Your goal:
Leave the pictures out, and repeat exactly every line from the one with "血中のビタミンD濃度が高いとがんリスク低下 日本人3万人以上を調査" through the end of the data below.

Data block:
==========
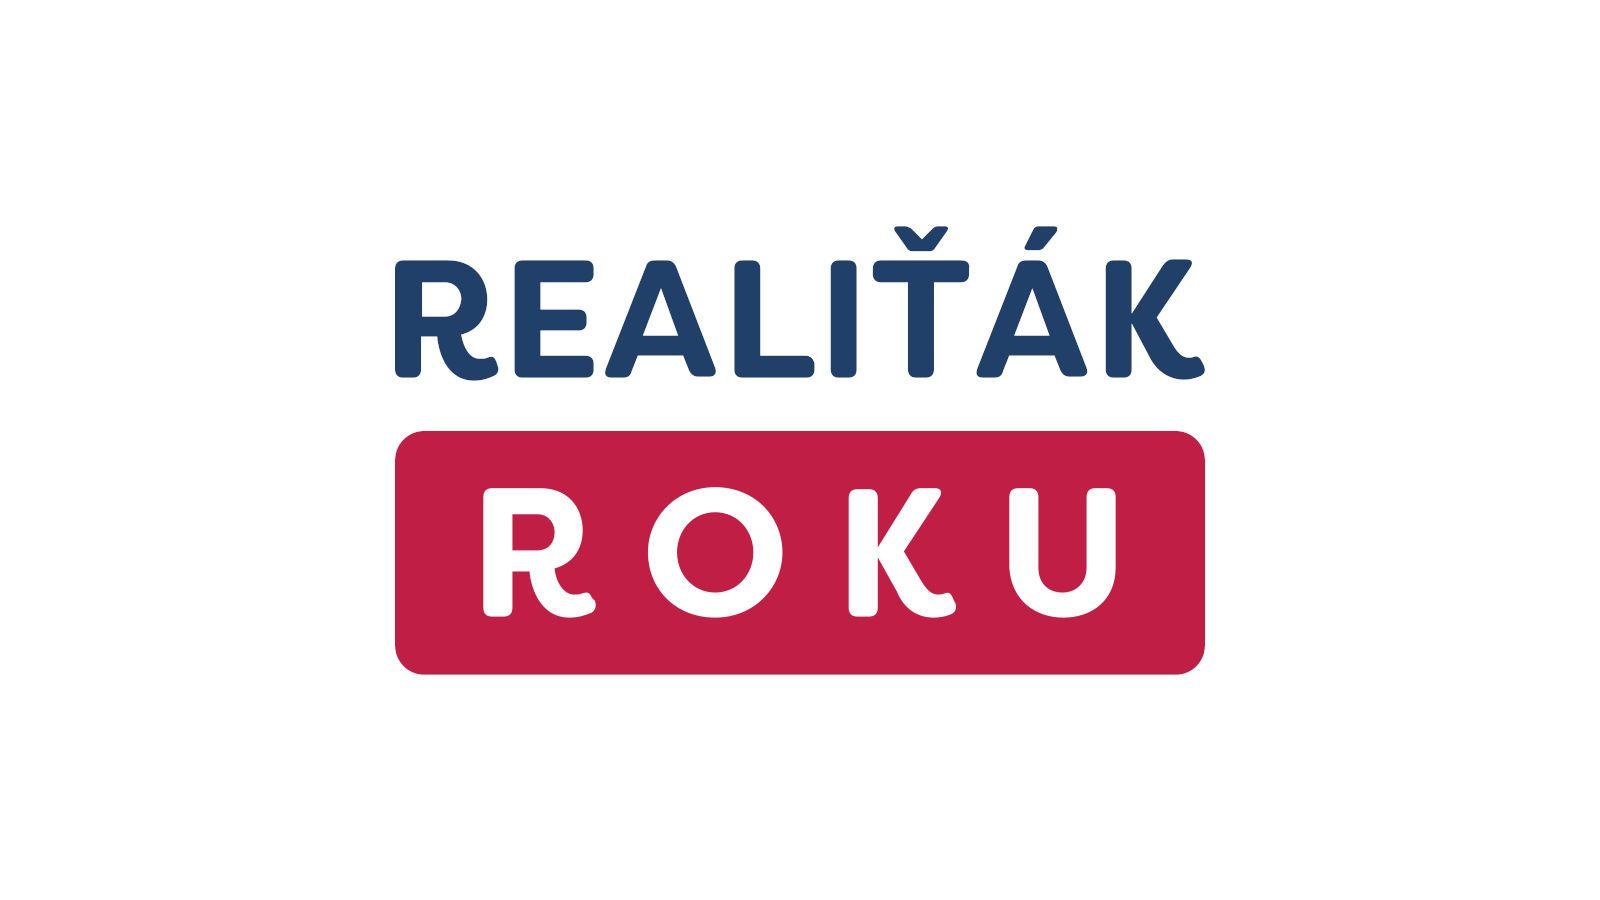 Převzetí vývoje projektu realitakroku.cz
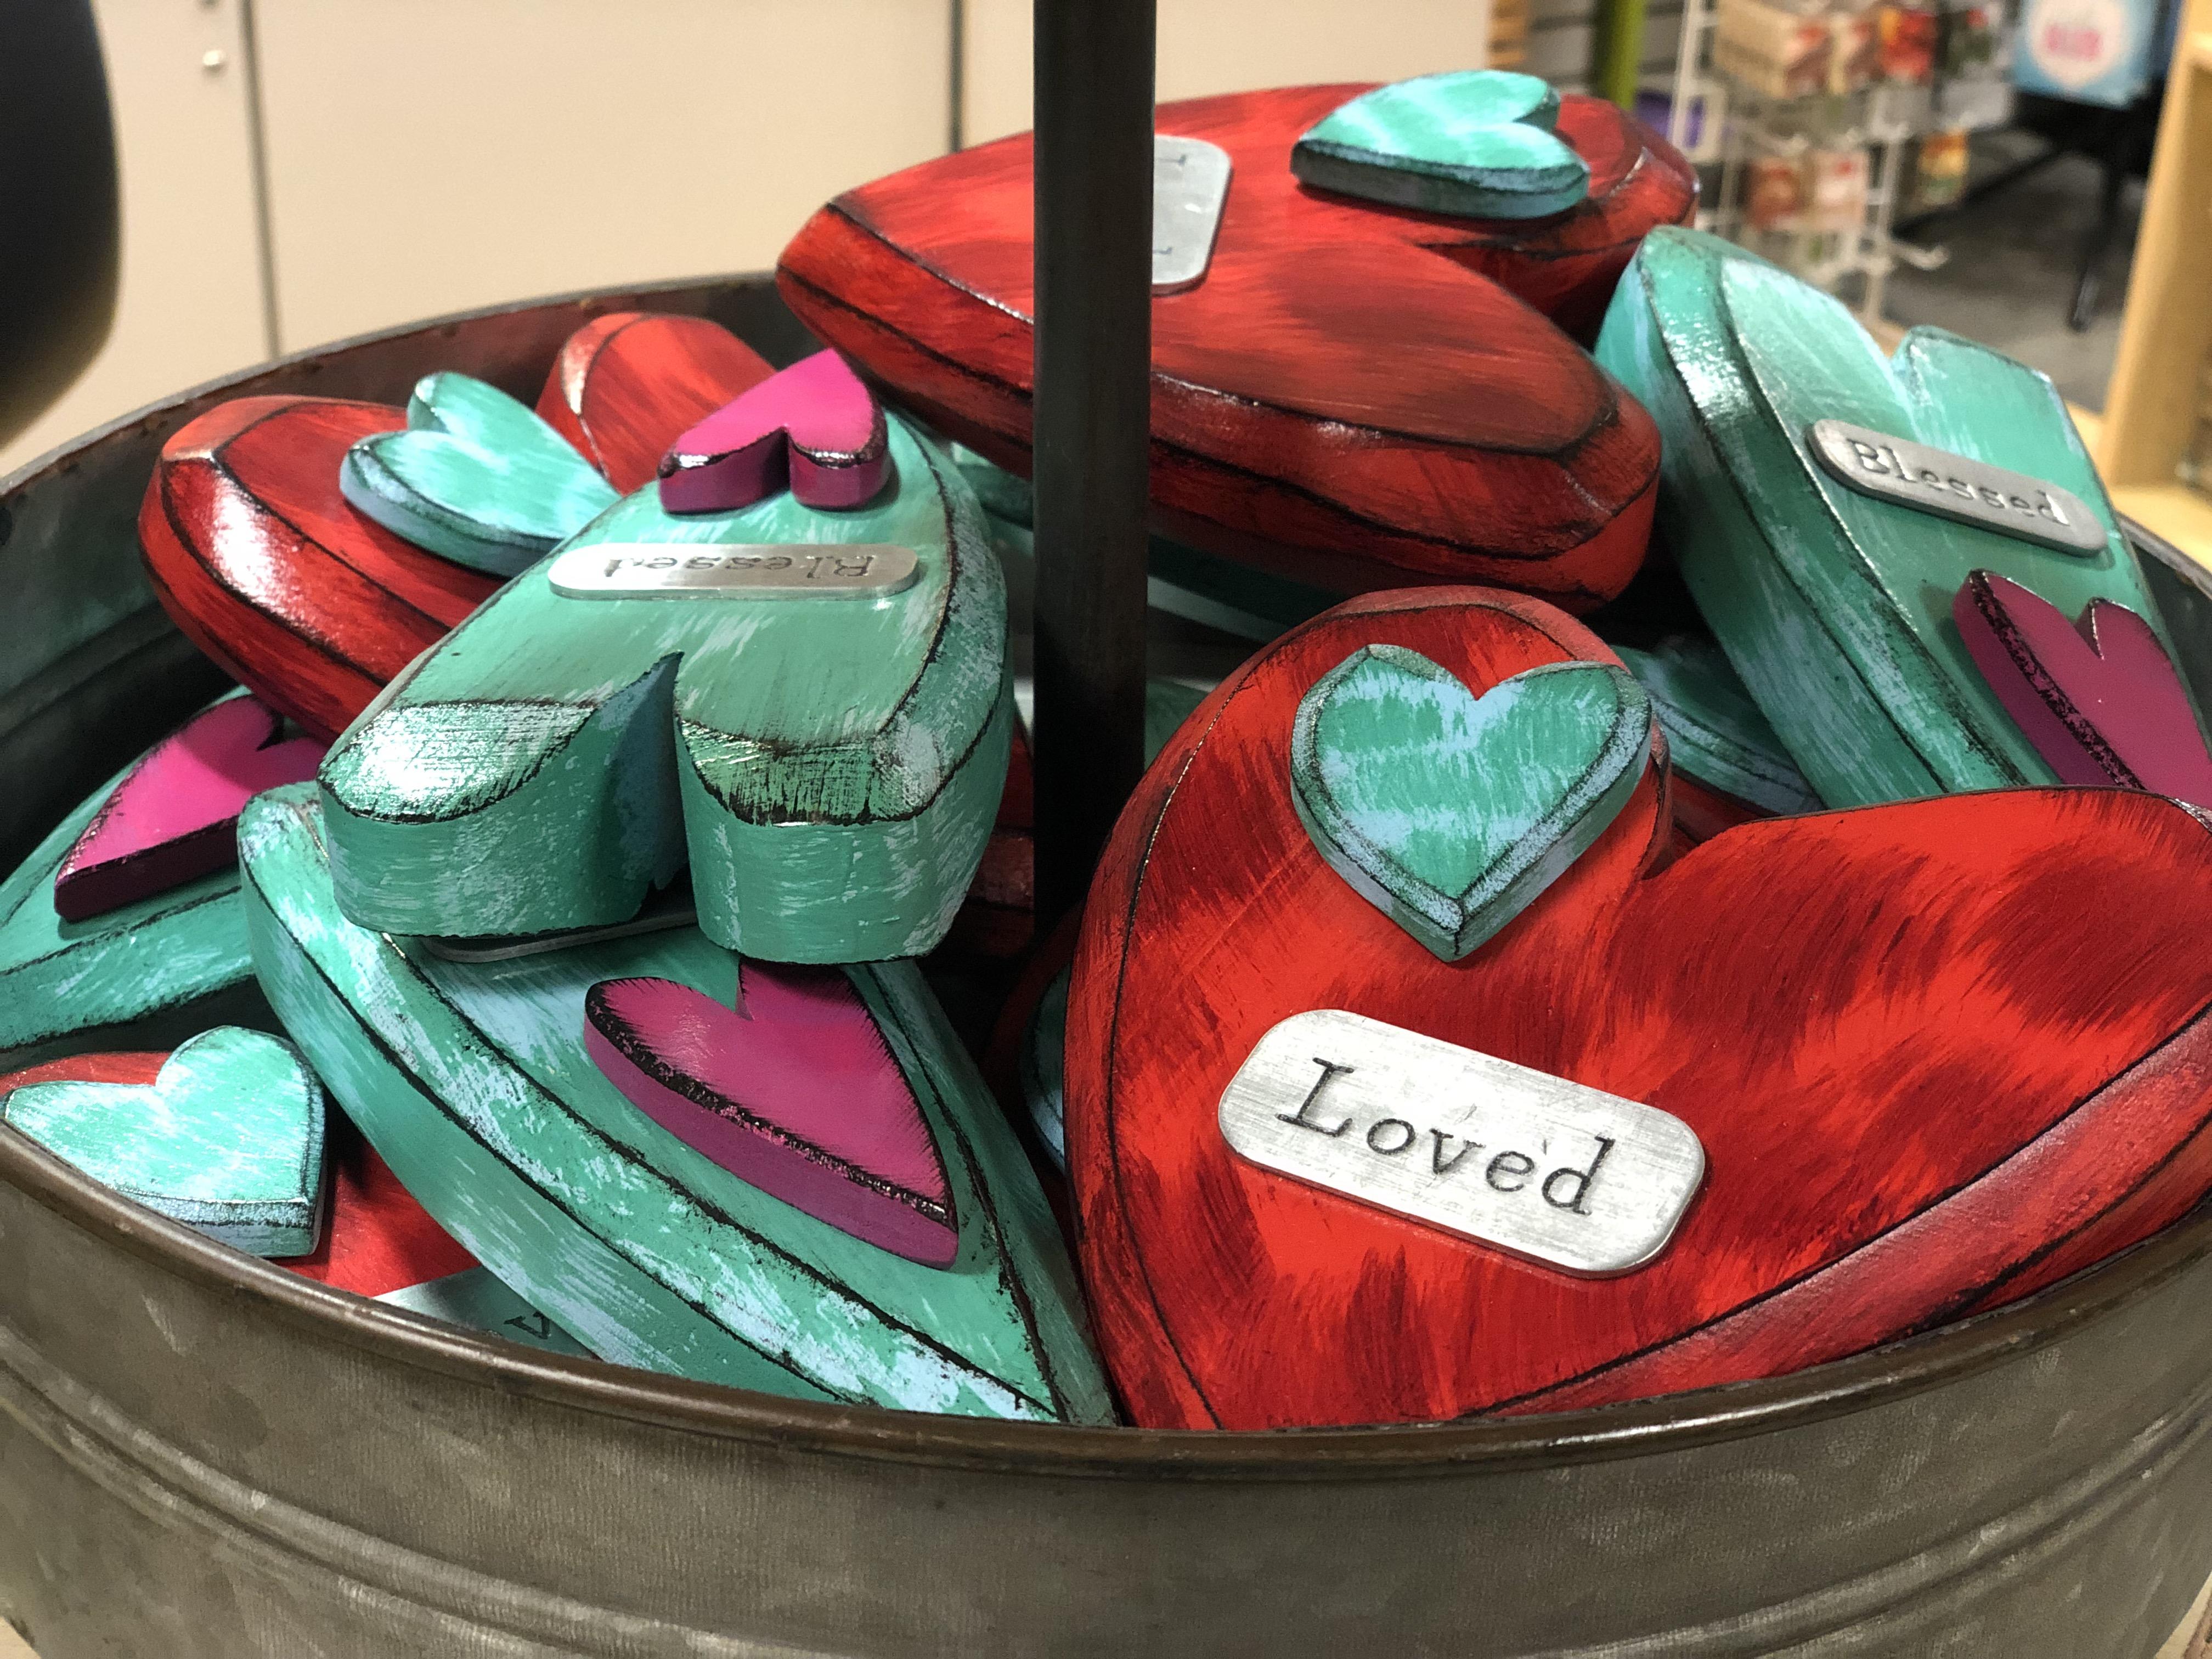 Hospital Gift Shop basket of valentines
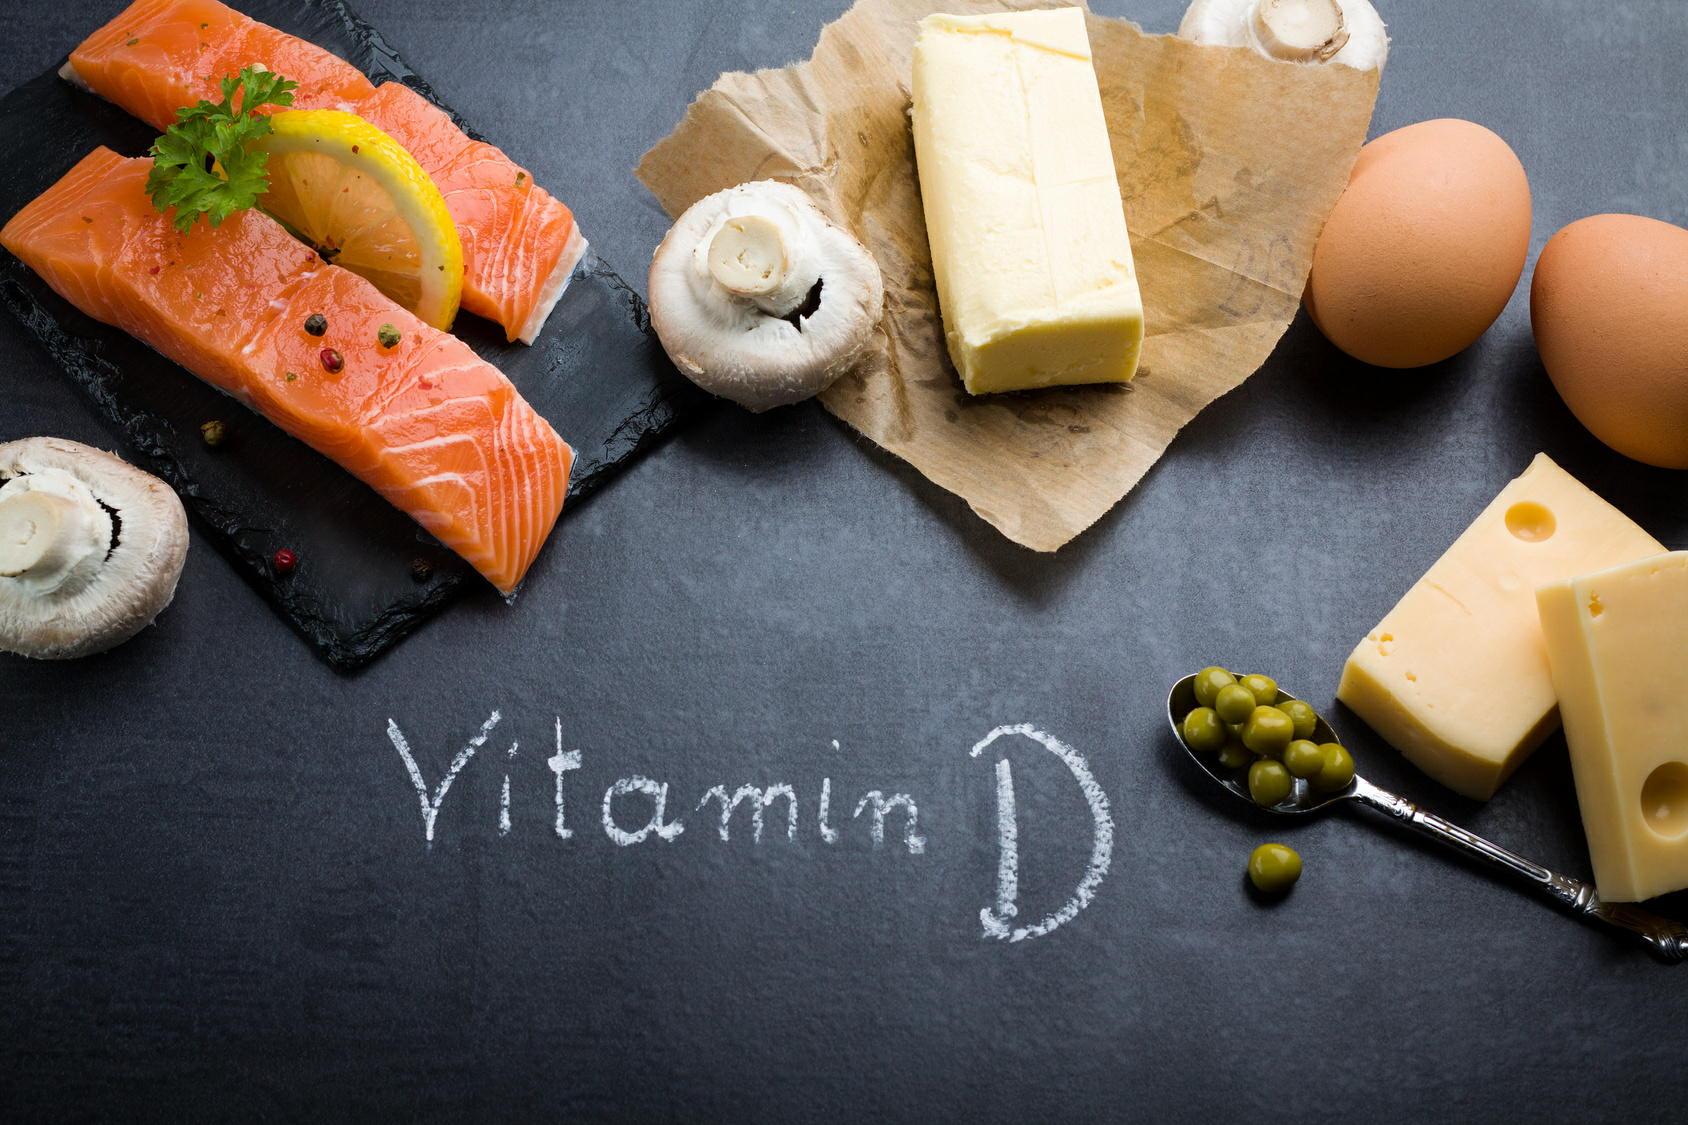 血中のビタミンD濃度が高いとがんリスク低下 日本人3万人以上を調査
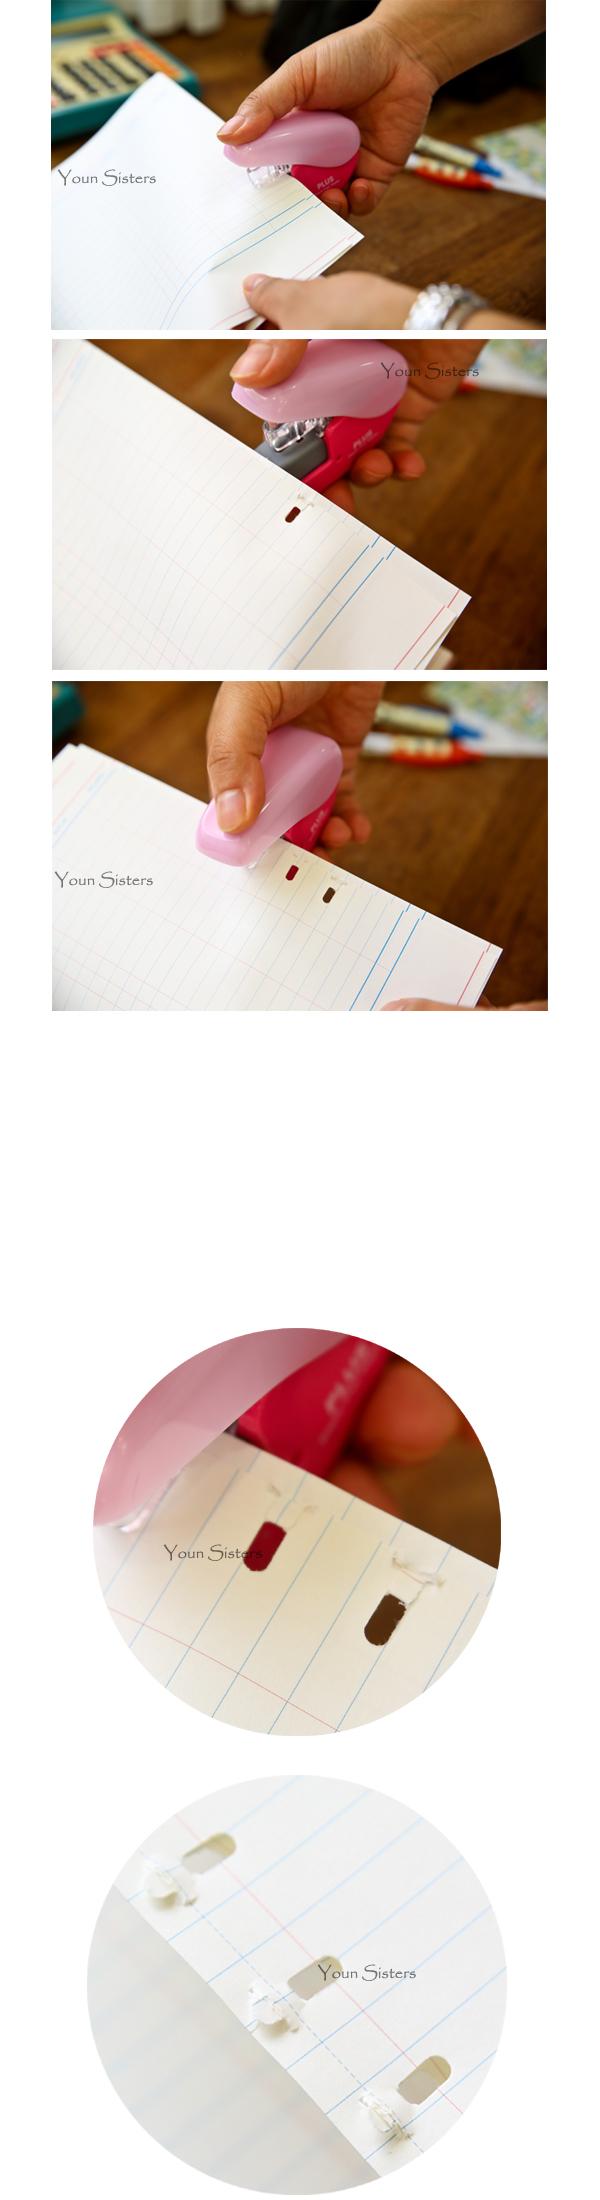 플러스스테플러9,400원-윤자매네디자인문구, 오피스 용품, 스테플러, 침없는 스테플러바보사랑플러스스테플러9,400원-윤자매네디자인문구, 오피스 용품, 스테플러, 침없는 스테플러바보사랑
==========
Completed exercise:
 血中のビタミンD濃度が高いとがんリスク低下 日本人3万人以上を調査
 플러스스테플러9,400원-윤자매네디자인문구, 오피스 용품, 스테플러, 침없는 스테플러바보사랑플러스스테플러9,400원-윤자매네디자인문구, 오피스 용품, 스테플러, 침없는 스테플러바보사랑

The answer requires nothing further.